··· DATA SEGMENT
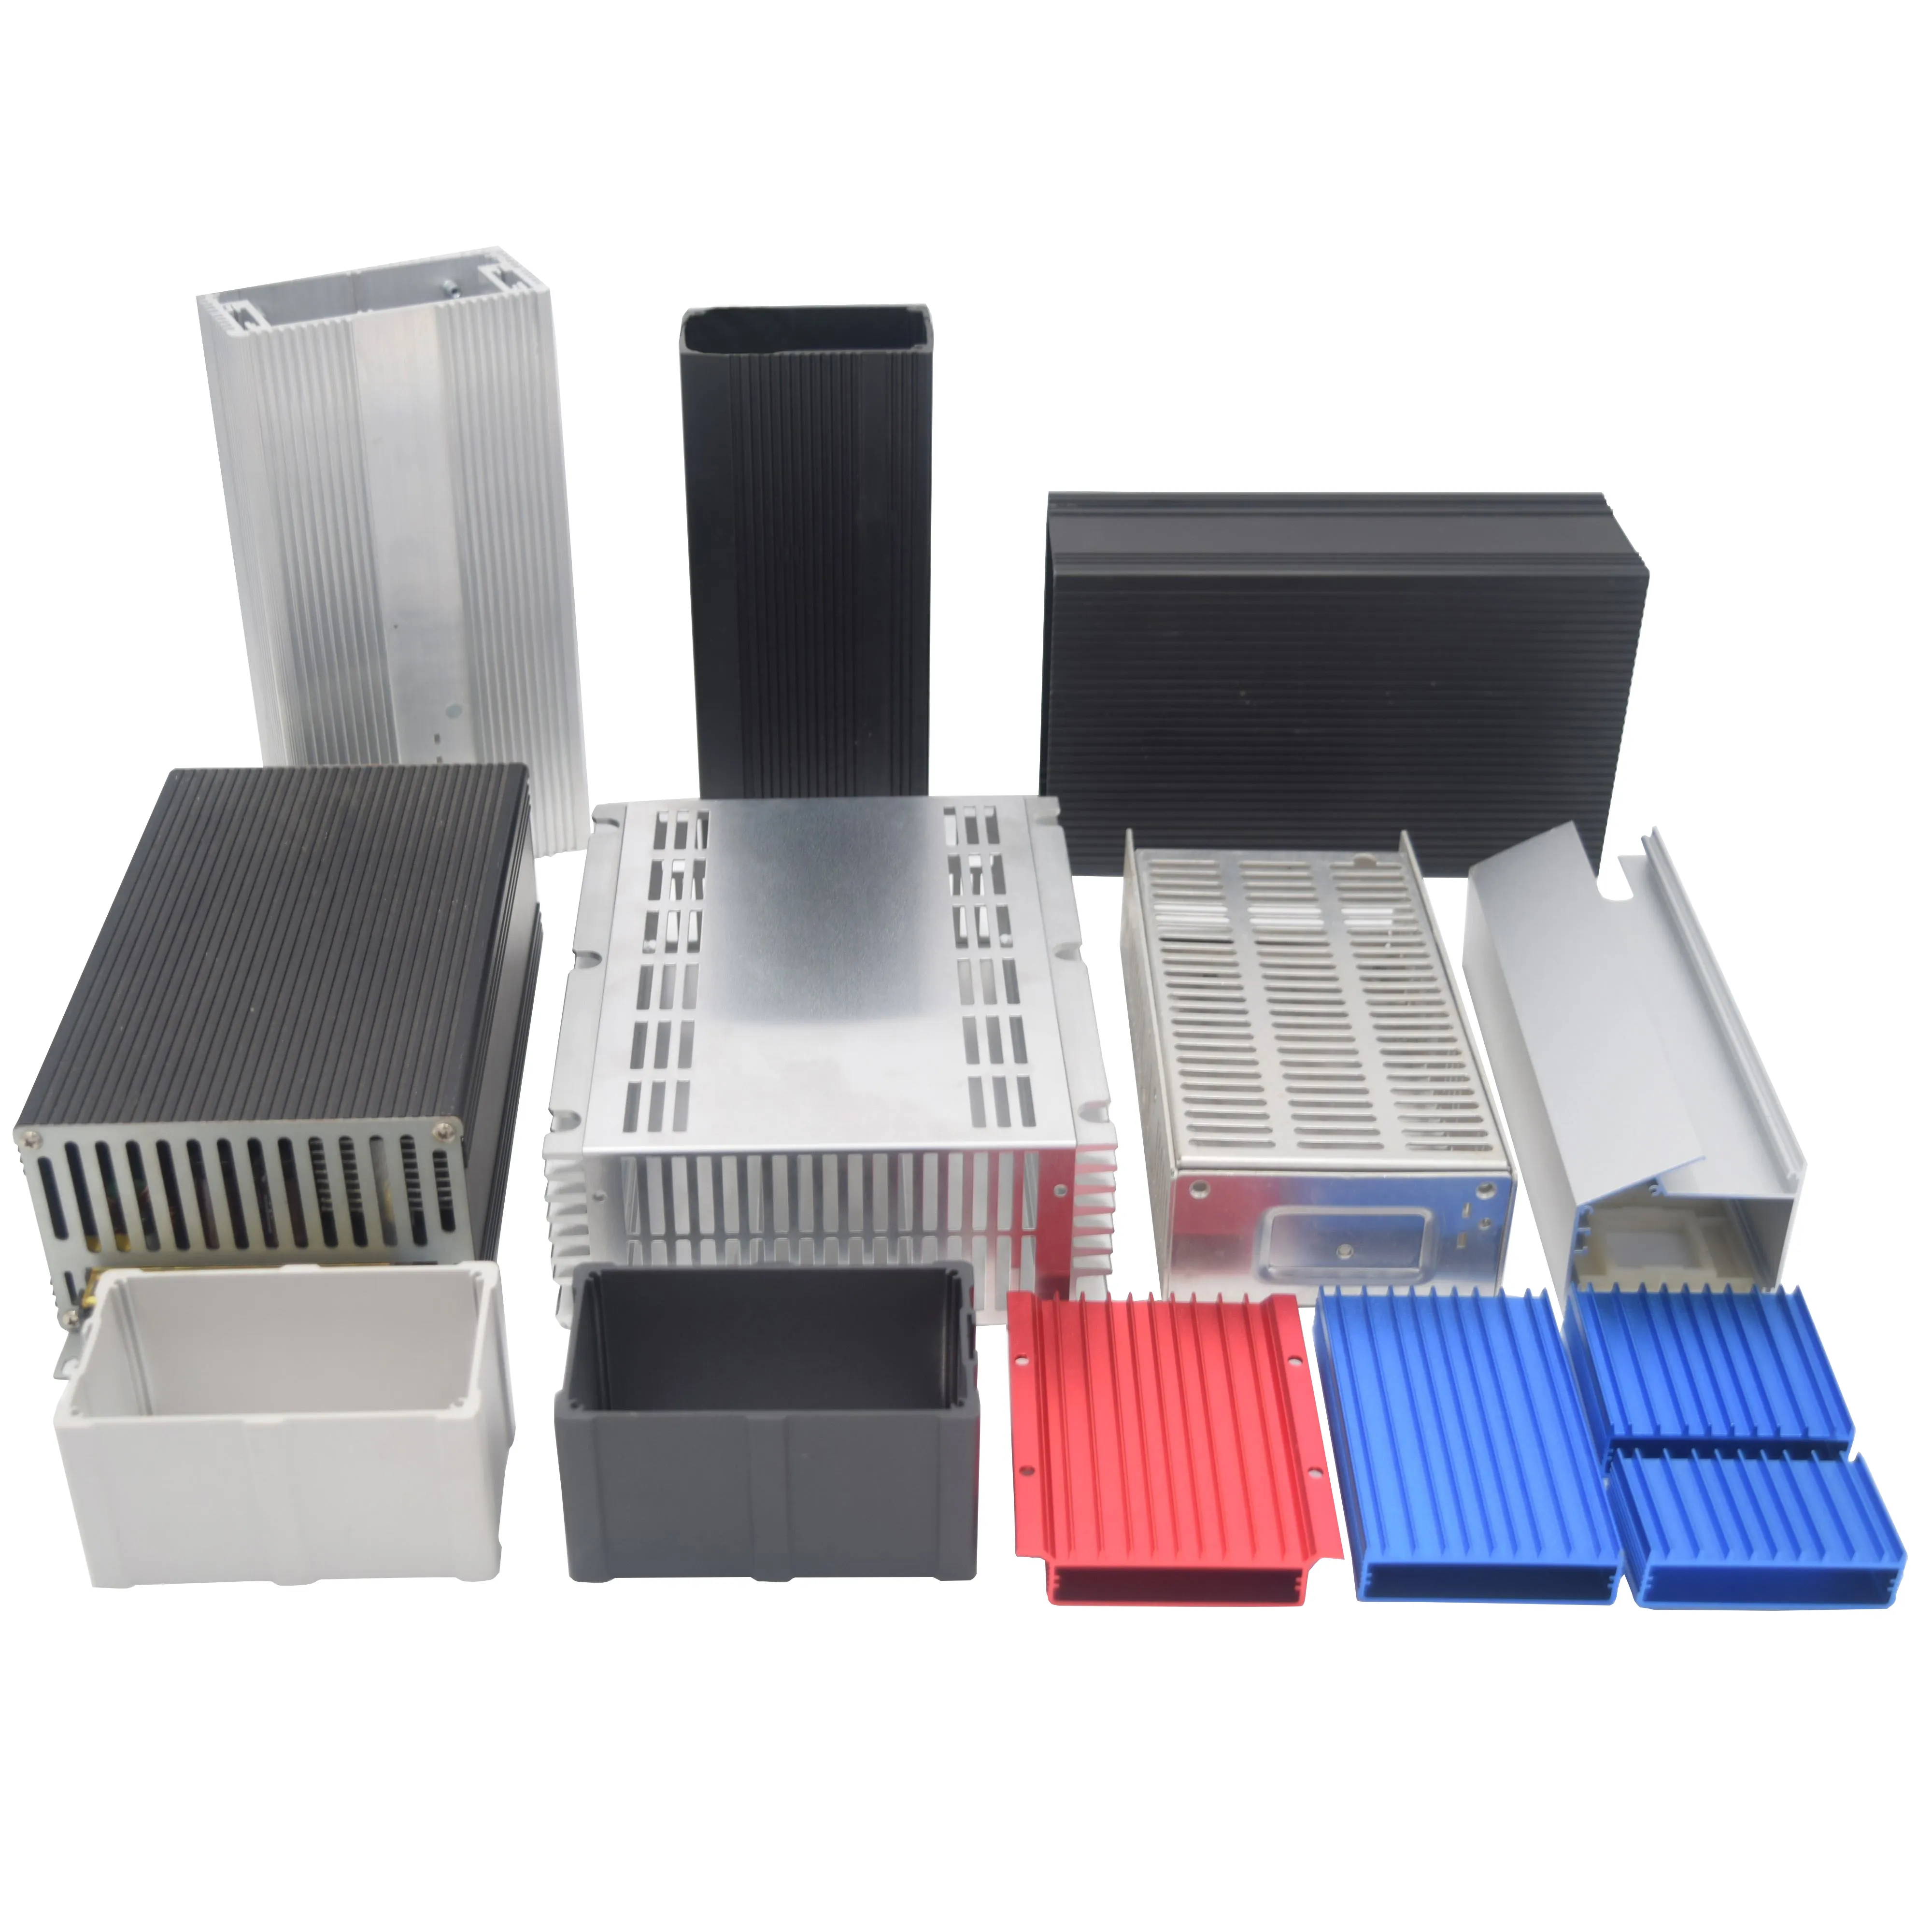 Aluminum Enclosure For Battery PCB Equipment Bluetooth Speaker Extruded Aluminum Box Enclosure Case Aluminum Assembled Box
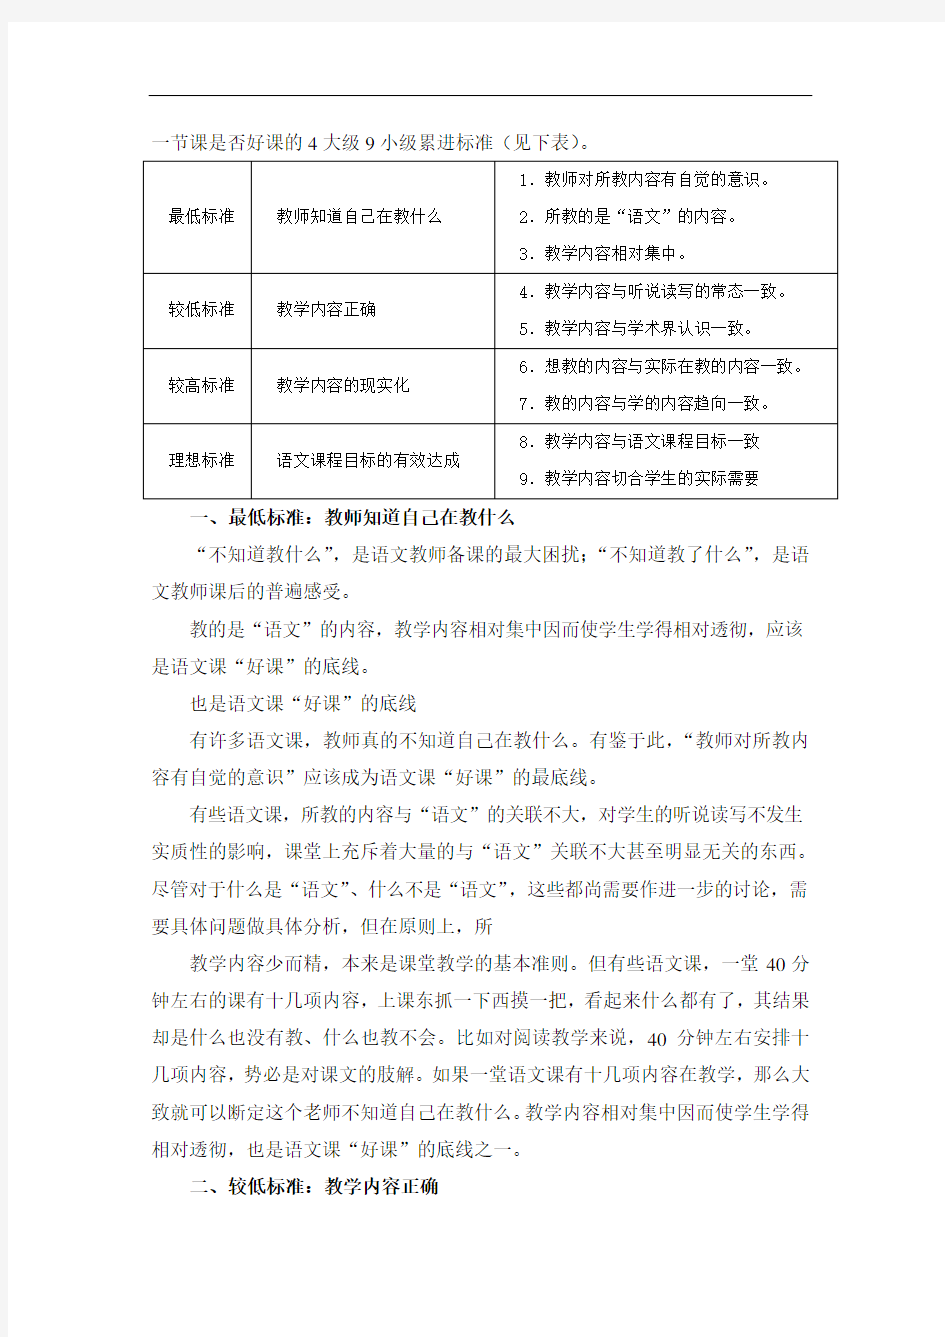 第四章初中语文新课程设计教学内容的安排
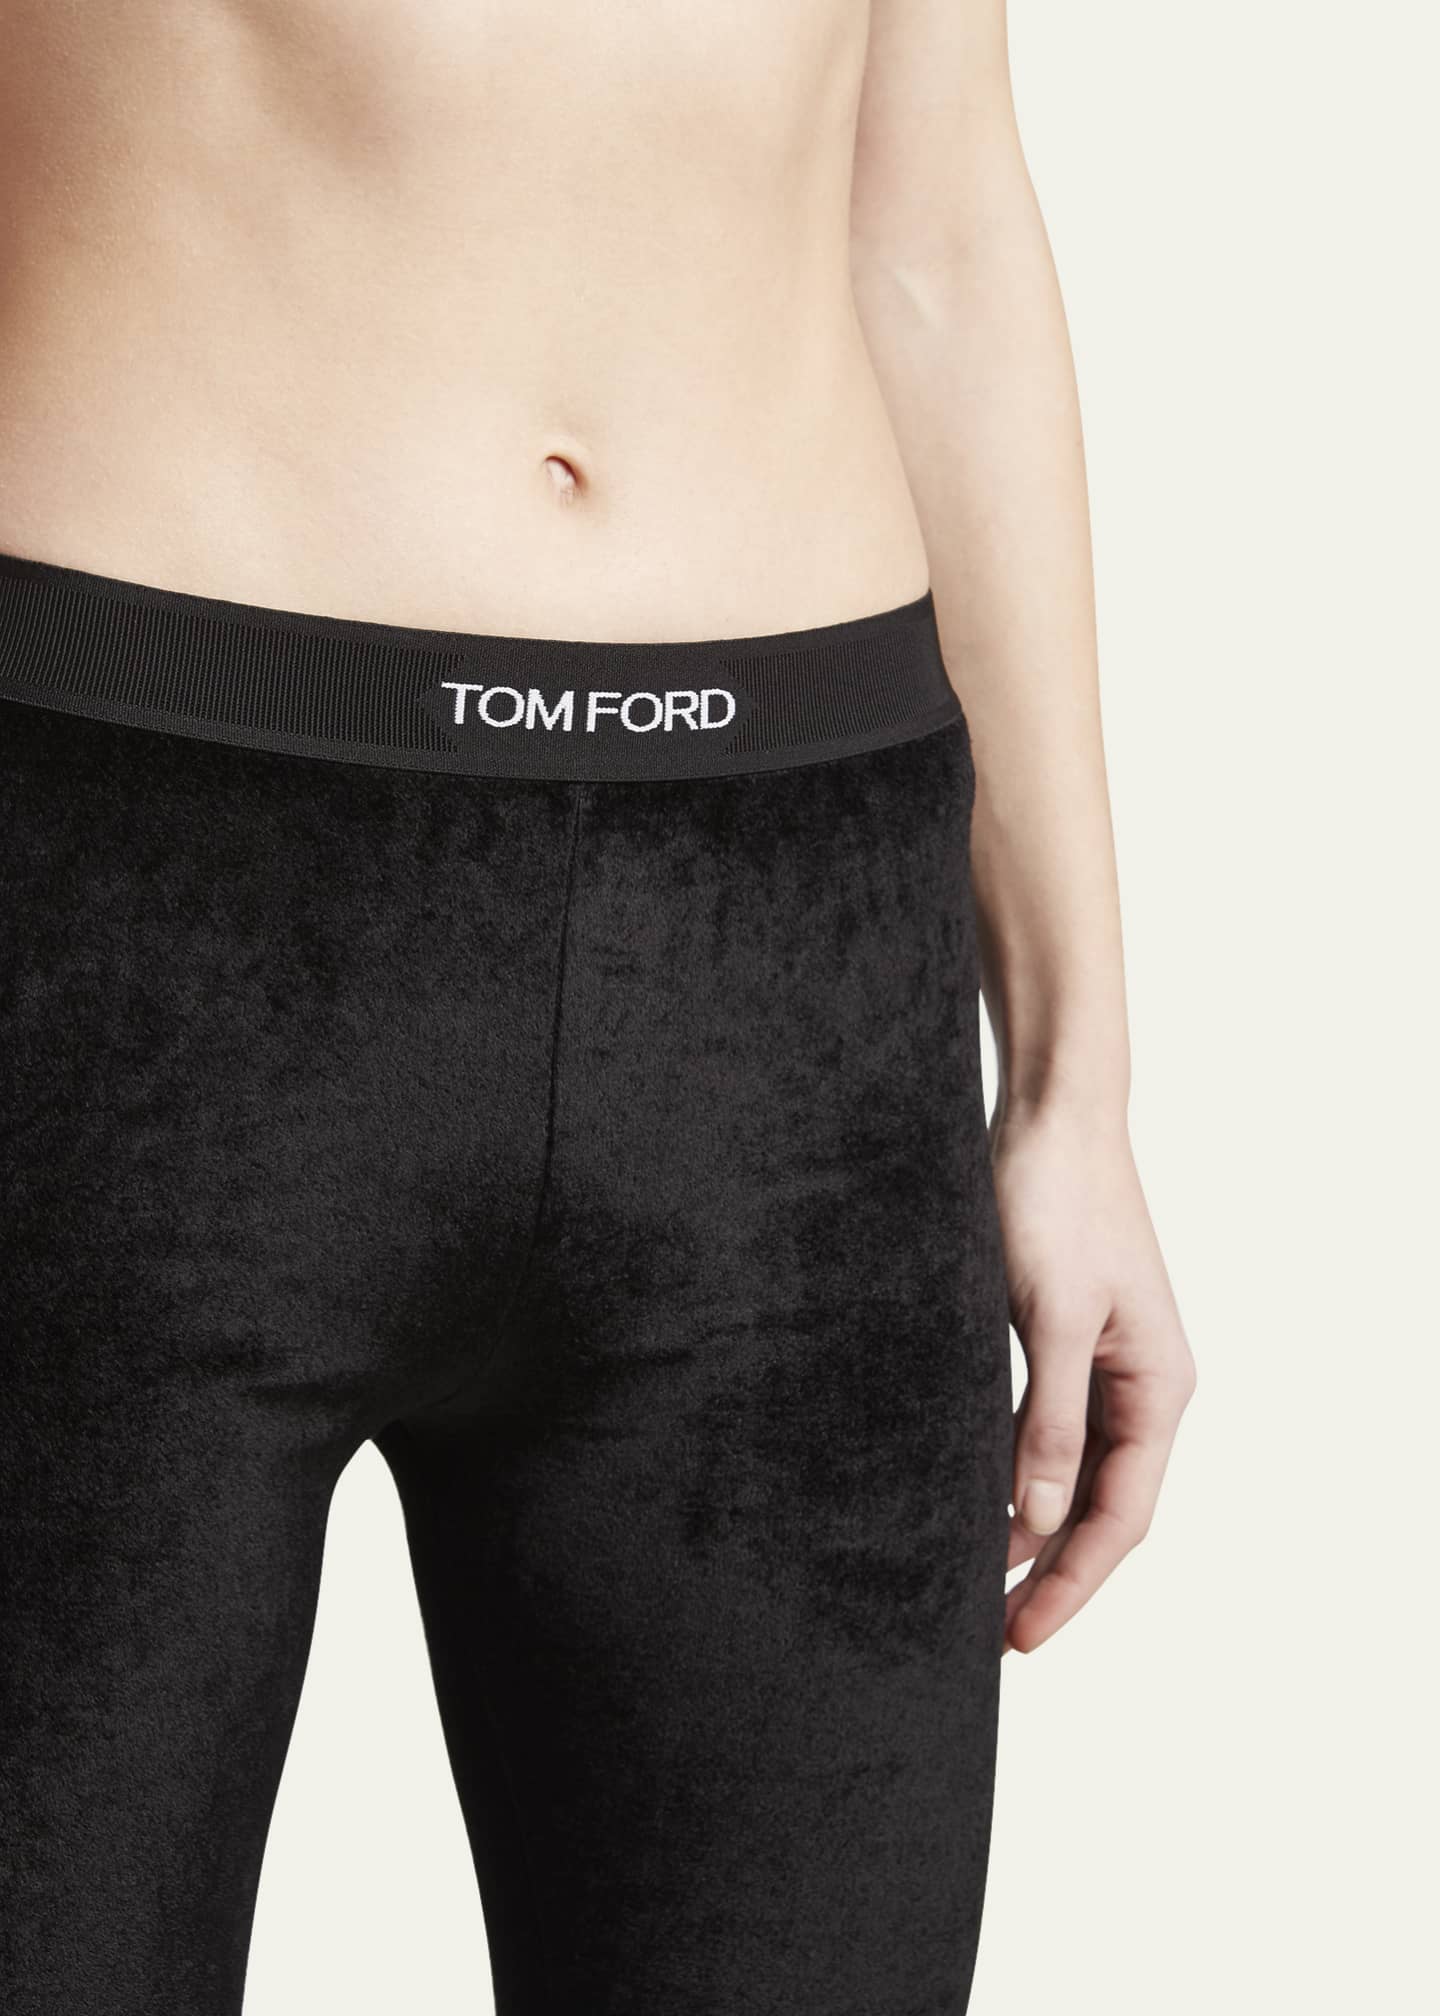 TOM FORD Logo Waist Legging in Black
······
• YOUR GOAL: Starting at the line that contains "第四章初中语文新课程设计教学内容的安排", retype every line through the end of the material exactly as written, including both end lines but no pictures.

• TASK SOLUTION:
 第四章初中语文新课程设计教学内容的安排
 TOM FORD Logo Waist Legging in Black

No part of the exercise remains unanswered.